# Thread: Exponent n as a whole number

1. ## Exponent n as a whole number

How can I simplify $(-a^2 \cdot b^{-1})^n : (ab)^{-n}, n \in \mathbb{Z}, a \neq 0, b \neq 0$ into $-a^{3n}$ ? Please give all stages.

2. Originally Posted by p.numminen
How can I simplify $(-a^2 \cdot b^{-1})^n : (ab)^{-n}, n \in \mathbb{Z}, a \neq 0, b \neq 0$ into $-a^{3n}$ ? Please give all stages.
hello,

$(-a^2 \cdot b^{-1})^n : (ab)^{-n} = \frac{-\frac{a^{2n}}{b^n}}{\frac{1}{a^n \cdot b^n}}$. Now cancel ike terms:

$\frac{-a^{2n}}{\frac{1}{a^n}} = -a^{2n+n} = -a^{3n}$

3. What rule is there to justify taking the minus sign out of the parentheses?

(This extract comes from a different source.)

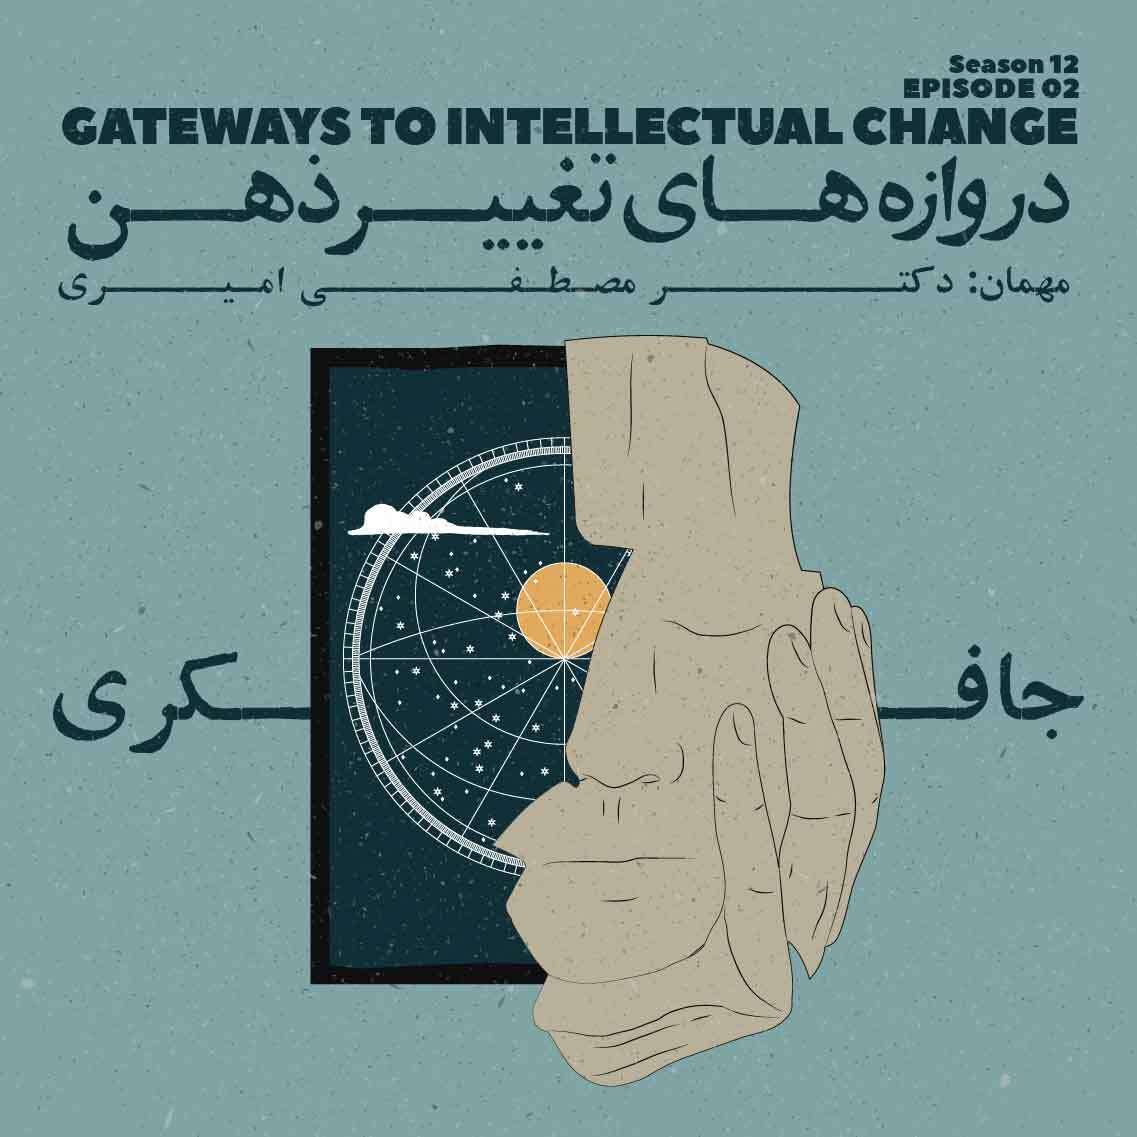 Episode 02 - Gateways to Intellectual Change (دروازه های تغییر ذهن)

Shouldn't $(-a^2 \cdot b^{-1})^n$ be rewritten either as $(-1)^n \cdot a^{2n} \cdot b^{-n}$ or as $(-a^2)^n \cdot b^{-n}$ ?

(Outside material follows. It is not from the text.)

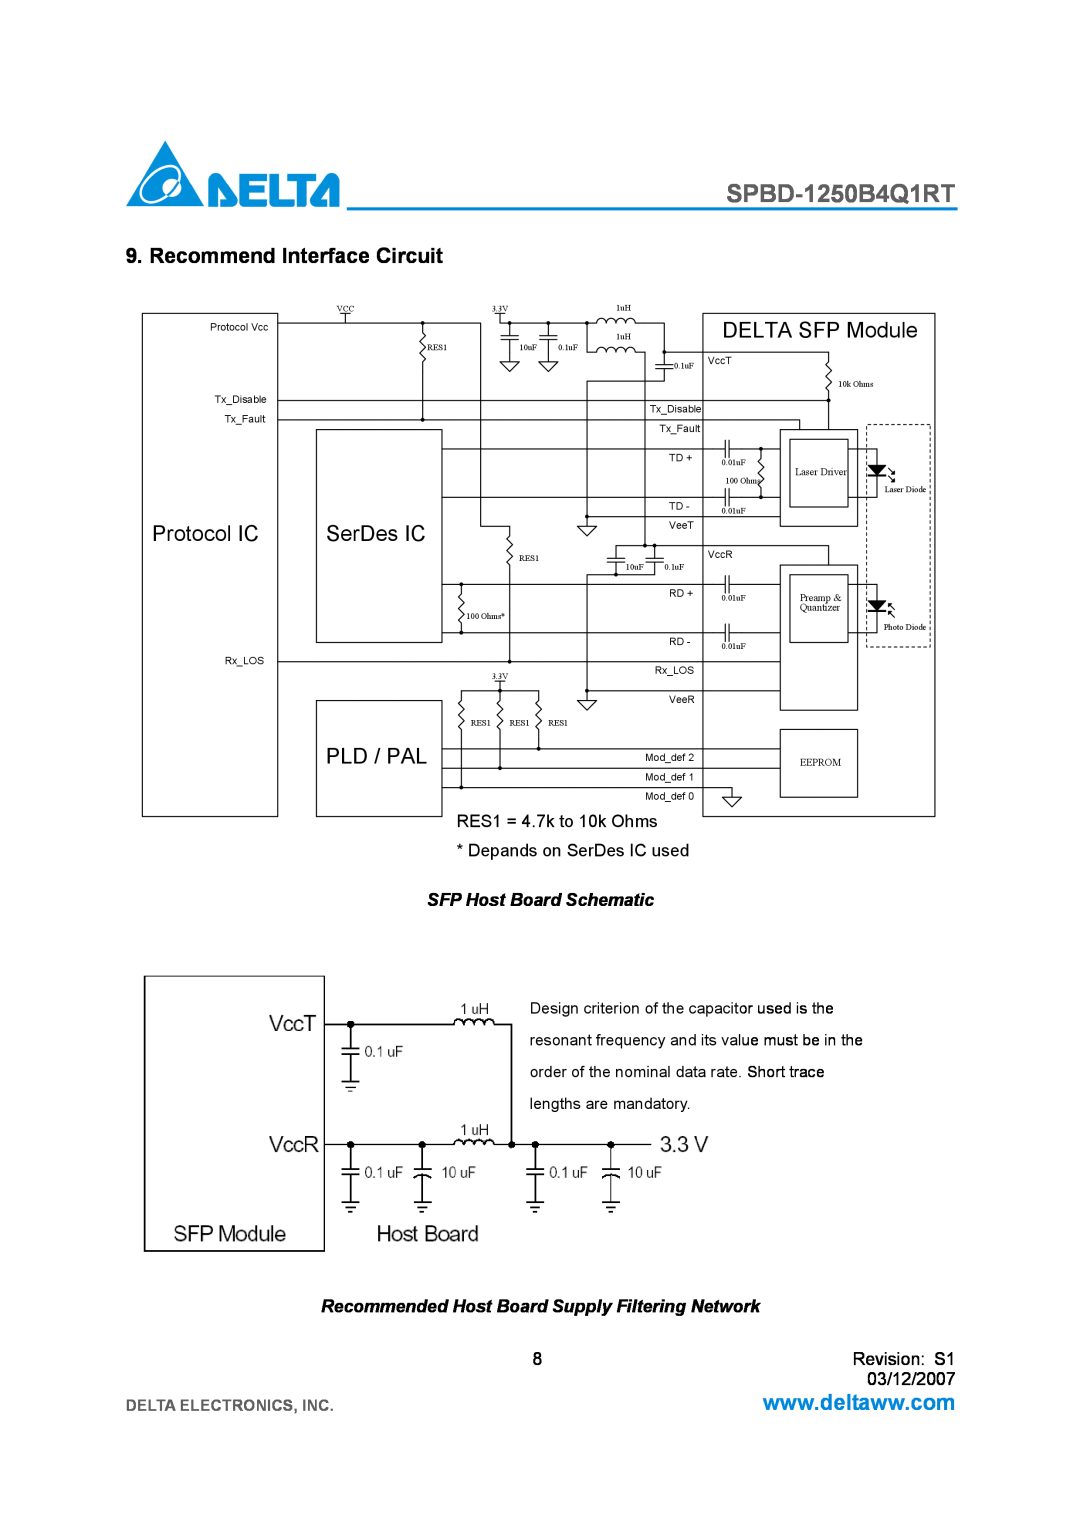 Delta Electronics SPBD-1250B4Q1RT manual SFP Host Board Schematic, Protocol IC, SerDes IC, DELTA SFP Module, Pld / Pal

4. Originally Posted by p.numminen
How can I simplify $(-a^2 \cdot b^{-1})^n : (ab)^{-n}, n \in \mathbb{Z}, a \neq 0, b \neq 0$ into $-a^{3n}$ ? Please give all stages.
Originally Posted by p.numminen
What rule is there to justify taking the minus sign out of the parentheses?

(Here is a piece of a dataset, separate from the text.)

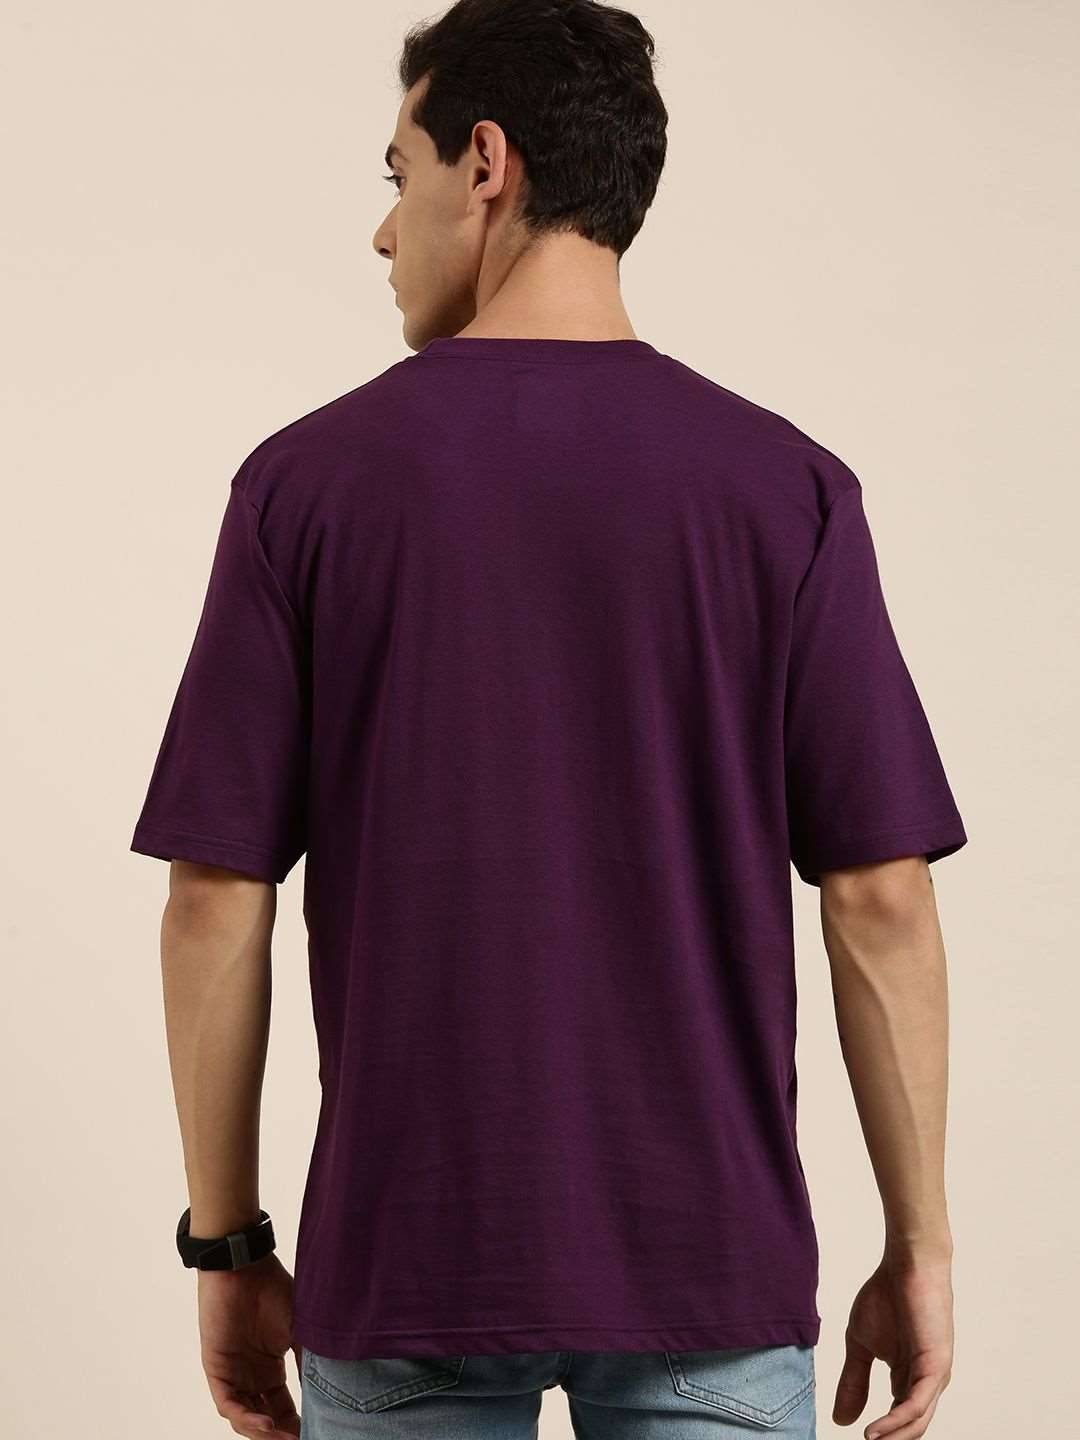 Dillinger Purple Typographic Oversized T-Shirt

Shouldn't $(-a^2 \cdot b^{-1})^n$ be rewritten either as $(-1)^n \cdot a^{2n} \cdot b^{-n}$ or as $(-a^2)^n \cdot b^{-n}$ ?
I agree with you. The answer should be:
$(-a^2 \cdot b^{-1})^n : (ab)^{-n} = \frac{(-1)^n \frac{a^{2n}}{b^n}}{\frac{1}{a^n \cdot b^n}} = (-1)^n a^{3n}$

It will only be $-a^{3n}$ when n is odd.

-Dan

5. Hello, p.numminen!

Simplify: . $(-a^2 \cdot b^{-1})^n \div (ab)^{-n}$

We have: . $\left(-\frac{a^2}{b}\right)^n\cdot\frac{1}{(ab)^{-n}} \;=\;(-1)^n\frac{(a^2)^n}{b^n}\cdot (ab)^n$

. . $= \;(-1)^n\cdot\frac{a^{2n}}{b^n}\cdot a^nb^n \;=\;(-1)^na^{3n}$